• RECORDS PROVIDED
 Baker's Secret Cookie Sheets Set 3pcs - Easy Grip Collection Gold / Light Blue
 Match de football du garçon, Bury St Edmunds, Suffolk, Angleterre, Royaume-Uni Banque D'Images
---
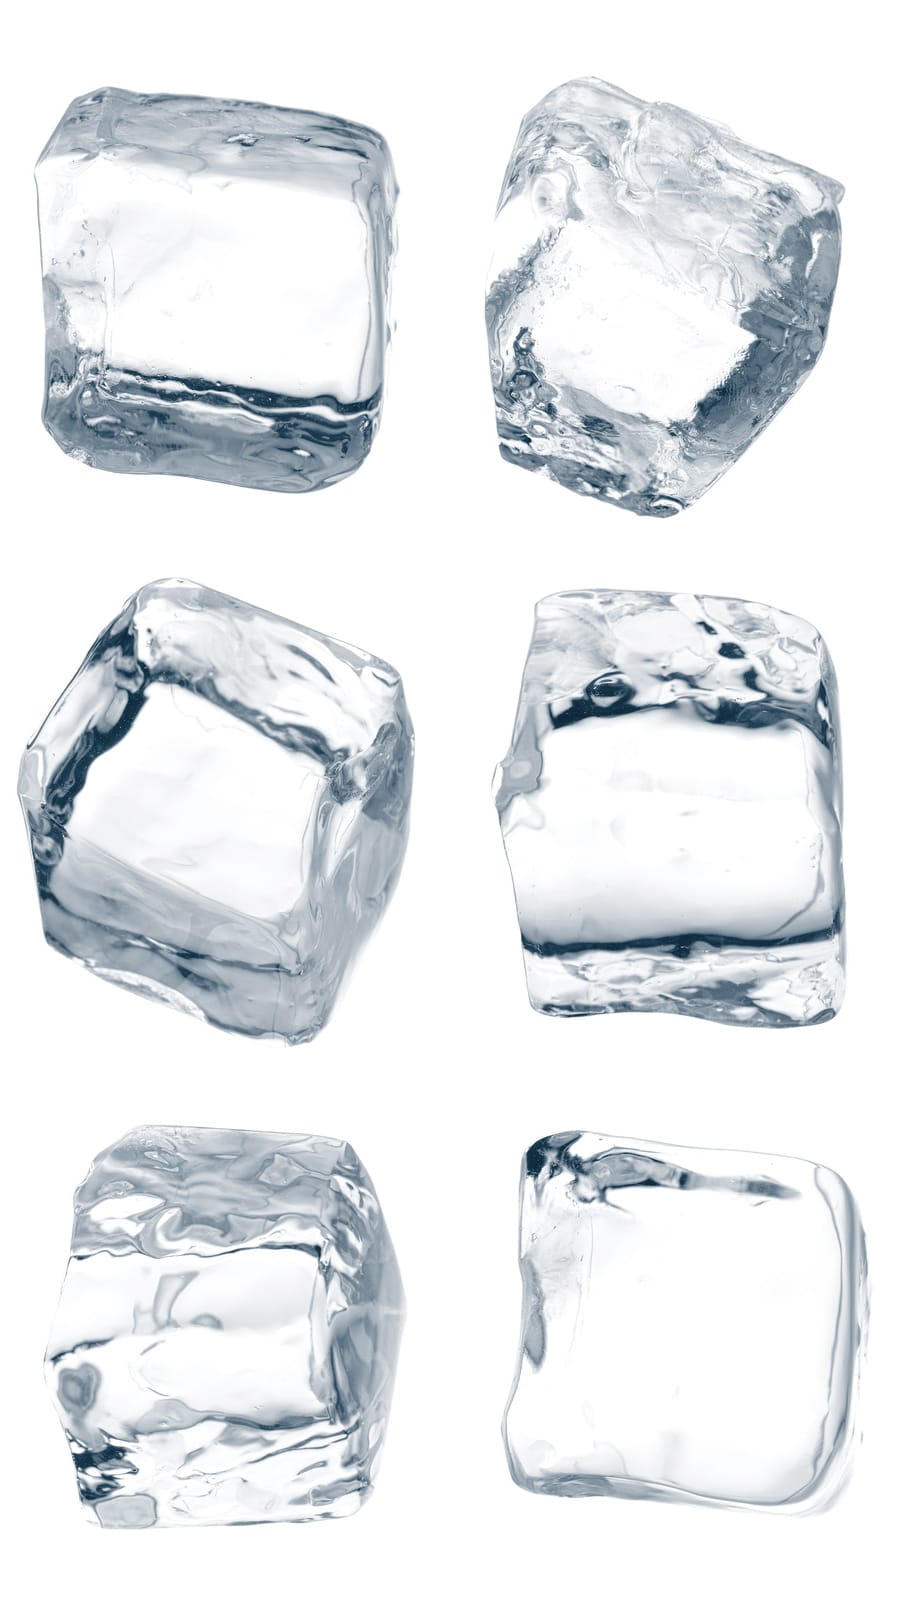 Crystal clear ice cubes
...
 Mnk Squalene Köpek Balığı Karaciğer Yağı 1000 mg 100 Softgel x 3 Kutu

• ASSIGNMENT
From the records above, reproduce exactly the lines from the one with "Baker's Secret Cookie" to the one with "Match de football", both included, and no others.

• SOLUTION TO THE EXERCISE
 Baker's Secret Cookie Sheets Set 3pcs - Easy Grip Collection Gold / Light Blue
 Match de football du garçon, Bury St Edmunds, Suffolk, Angleterre, Royaume-Uni Banque D'Images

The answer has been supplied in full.